Categories

Versions

You are viewing the RapidMiner Server documentation for version 9.7 - Check here for latest version

Requirements

This page describes the requirements for RapidMiner Server in a high-availability environment, including potential problems for the components of such a setup.

System requirements

In a high-availability environment, there are at least two RapidMiner Server nodes. The system requirements for each of these nodes are identical to the system requirements for RapidMiner Server outside of a high-availability environment.

Due to inherent deadlocks that can occur in the MySQL database engine at high load, we do not support it as an operational database for the RapidMiner Server High Availability setup.

Component requirements

RapidMiner Server High Availability consists of a cluster of components, each on a dedicated machine, and connected over a high-speed LAN connection.

Each component has specific requirements, but only the load balancer needs to have a publicly accessible URL. The URL of RapidMiner Server is the URL of the load balancer; this is the machine that is identified as RapidMiner Server in the DNS.

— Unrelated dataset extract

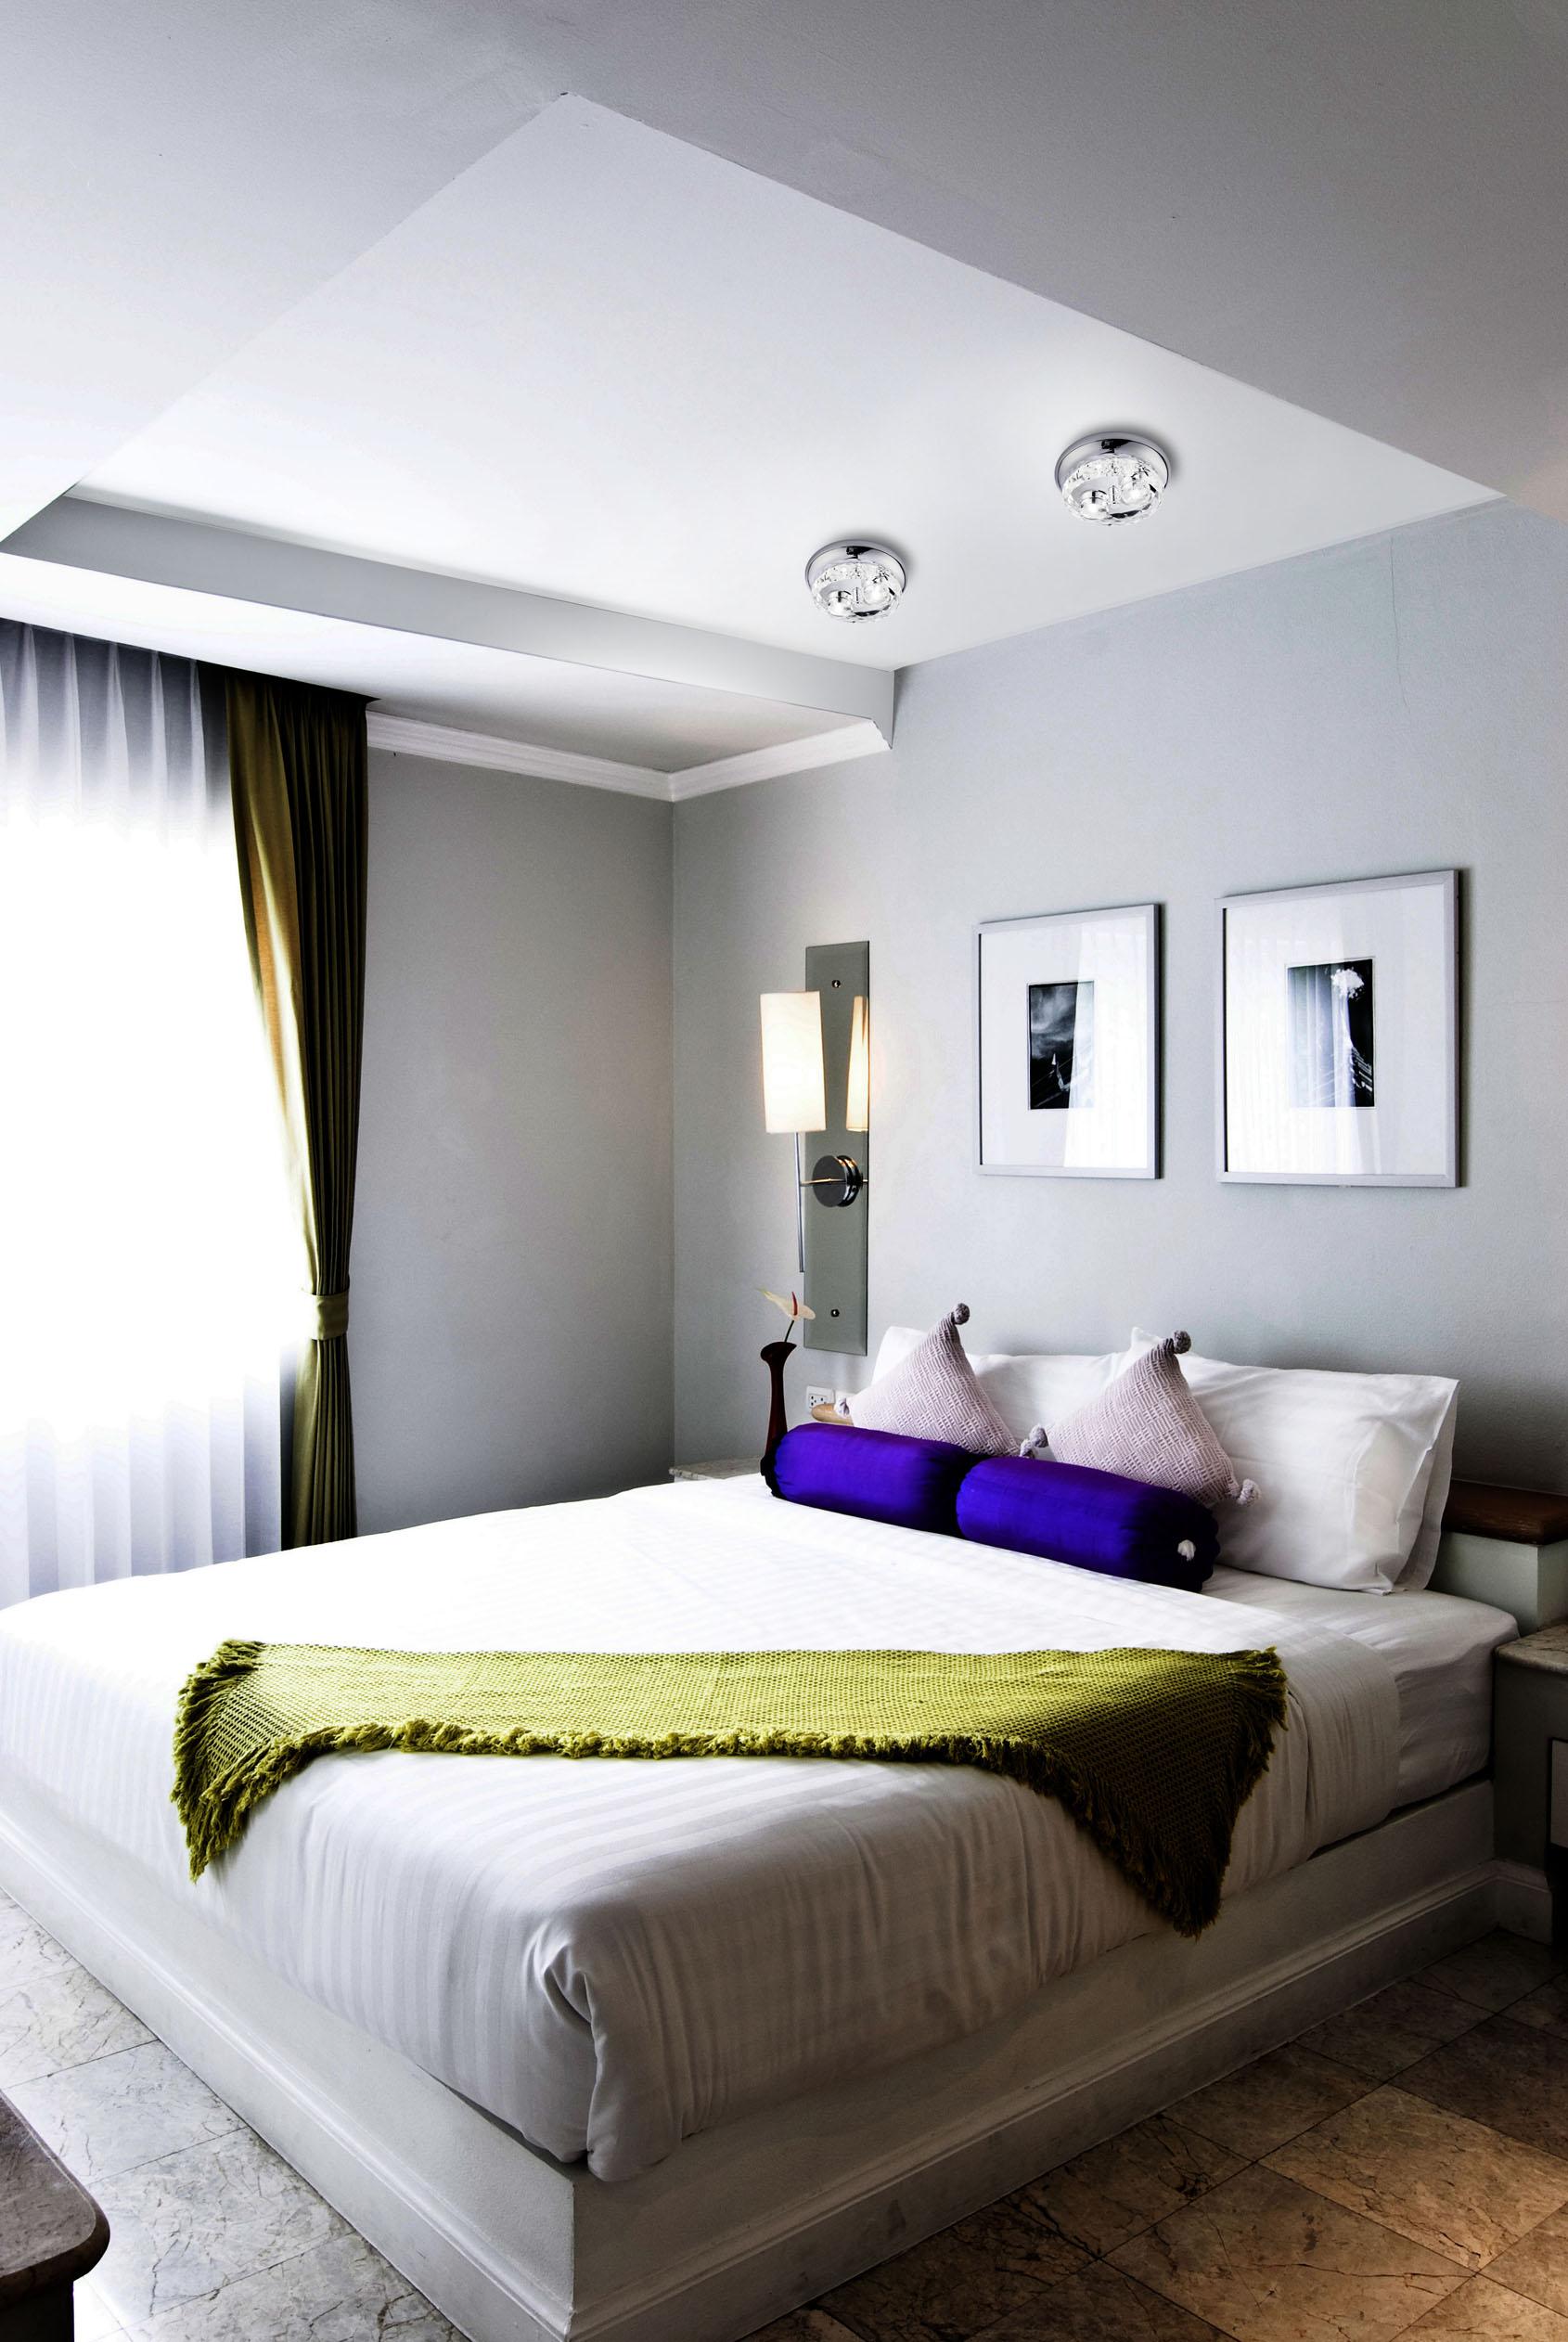 Iluminar el dormitorio algunos ejemplos que te servir n de inspiraci n - Luz para dormitorio ...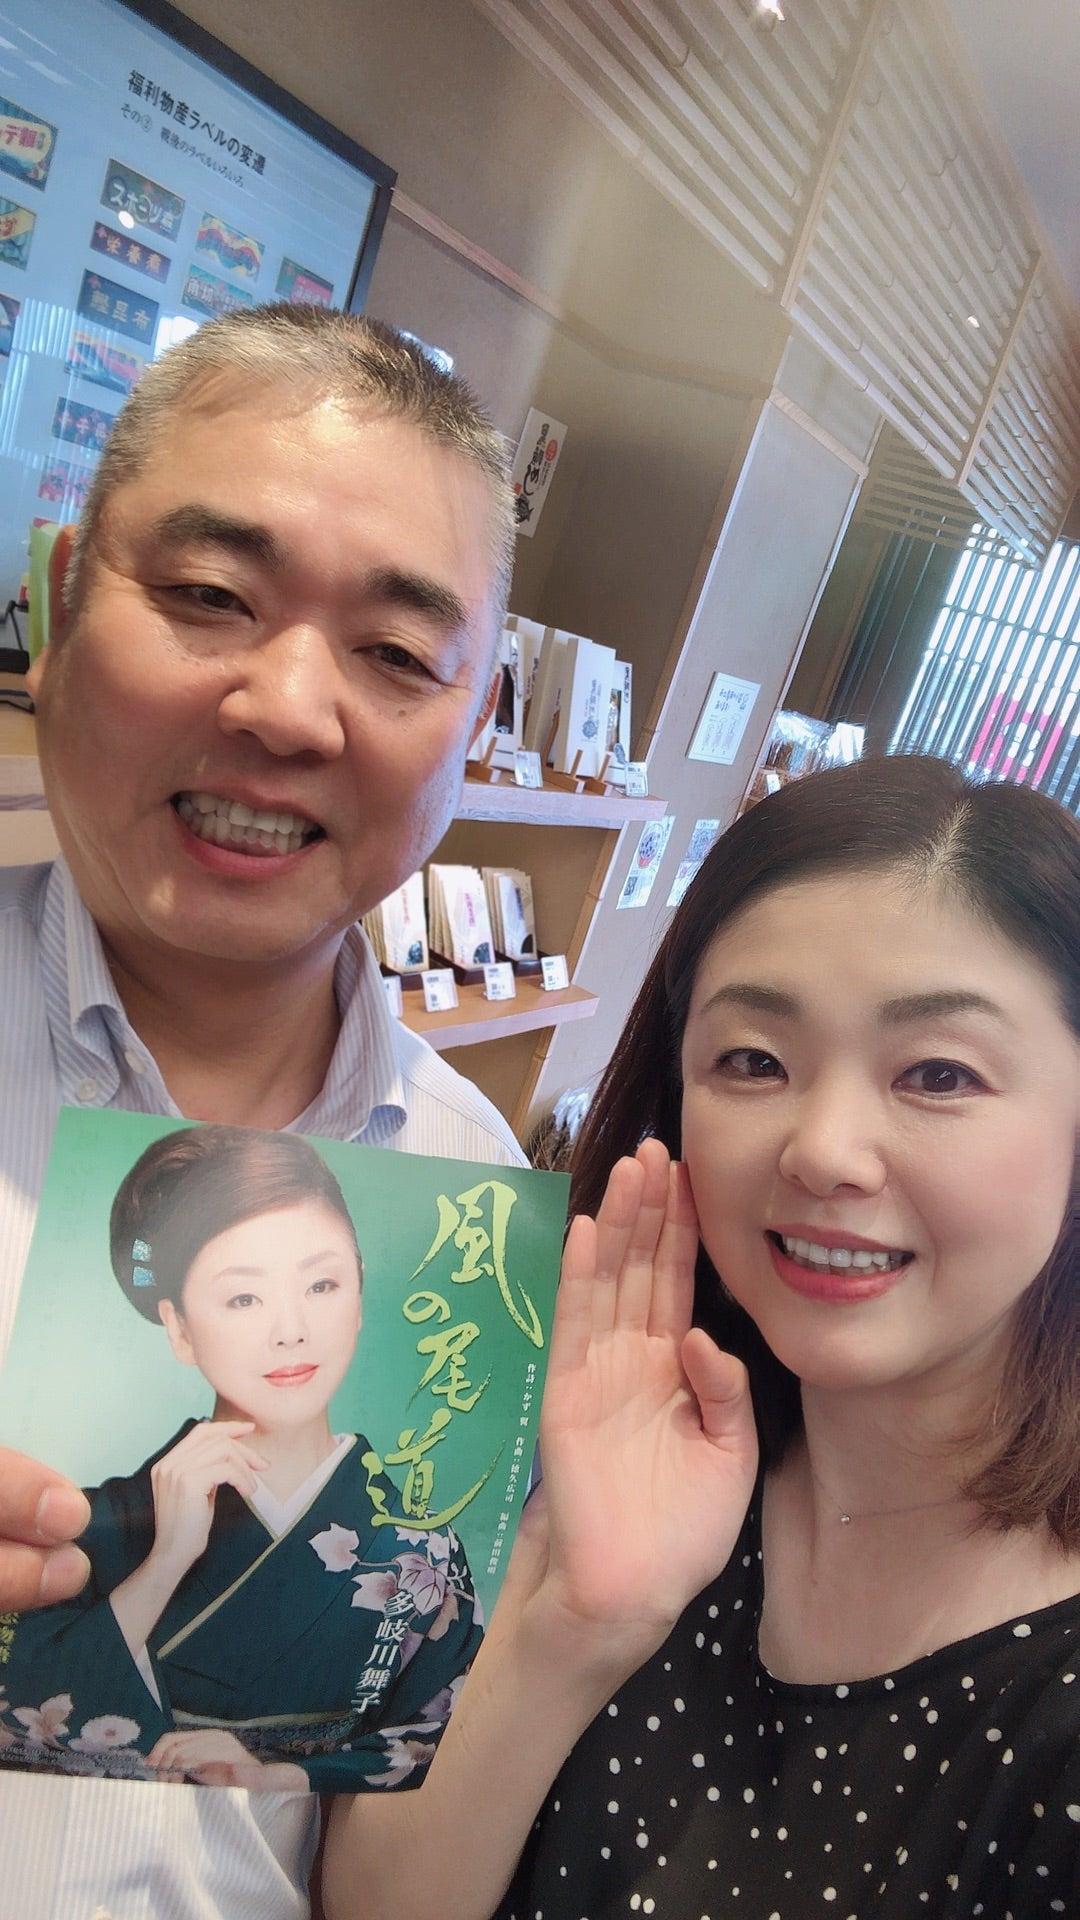 舞子 ブログ 多岐川 多岐川舞子さんの「舞子くらぶ」バスの旅、新曲キャンペーンから、「樹木の四季」管理人の思い出の記録

The remaining machines (RapidMiner Server nodes, Job Agent nodes, shared database, shared file system, and ActiveMQ broker) do not need to be publicly accessible to your users.

RapidMiner Server node

Note the following requirements for the RapidMiner Server nodes:

  • Each RapidMiner Server node must run on a dedicated machine. The machine can be virtual or physical.
  • The nodes must be connected on a high speed LAN (high bandwith, low latency).
  • The nodes need not be identical, but for consistent performance we recommend that they be as similar as possible.
  • All nodes must run the same version of RapidMiner Server.
  • All nodes must have synchronized clocks (for example, using NTP) and be configured with the same timezone.
  • All nodes must connect to the ActiveMQ broker.

Job Agent node

Note the following requirements for the Job Agent nodes:

  • Each Job Agent node must run on a dedicated machine. The machine can be virtual or physical.
  • The nodes must be connected on a high speed LAN (high bandwith, low latency).
  • All Job Agent nodes must run the same version, matching the RapidMiner Server version.
  • All nodes must have synchronized clocks (for example, using NTP) and be configured with the same timezone.
  • All nodes must connect to the ActiveMQ broker.

Load balancer

We do not bundle a load balancer for RapidMiner Server High Availability. You can use the load balancer of your choice.

  • Your load balancer must support sticky sessions.
  • Your load balancer should run on a dedicated machine.
  • Your load balancer must have a high-speed LAN connection to the RapidMiner Server nodes.
  • For best performance, terminating SSL (HTTPS) at your load balancer and running plain HTTP between the load balancer and RapidMiner Server is highly recommended.

We recommend using HAProxy, which supports all required features out-of-the-box. The load balancer page describes how to set up HAProxy as a load balancer.

Shared database

A shared database is used to store configuration data and other metadata.

  • The shared database must run on a dedicated machine.
  • The shared database must be available to all RapidMiner Server nodes via a high-speed LAN (it must be in the same physical data center).
  • All the usual databases are supported, except MySQL.

Shared file system

RapidMiner Server High Availability requires a high performance shared file system such as a SAN, NAS, RAID server, or high-performance file server optimized for I/O.

  • The shared file system must run on a dedicated machine.
  • The file system must be available to all cluster nodes via a high-speed LAN (it must be in the same physical data center).
  • The shared file system should be accessible via NFS as a single mount point.

ActiveMQ broker

RapidMiner Server High Availability requires a remote ActiveMQ broker, as the bundled one is not active for RapidMiner Server High Availability.

  • The ActiveMQ broker must run on a dedicated machine.
  • Currently, only ActiveMQ version 5.14.5 has been tested and is officially supported, but feel free to test more updated 5.x versions.
  • You can use a standalone ActiveMQ installation or a clustered installation.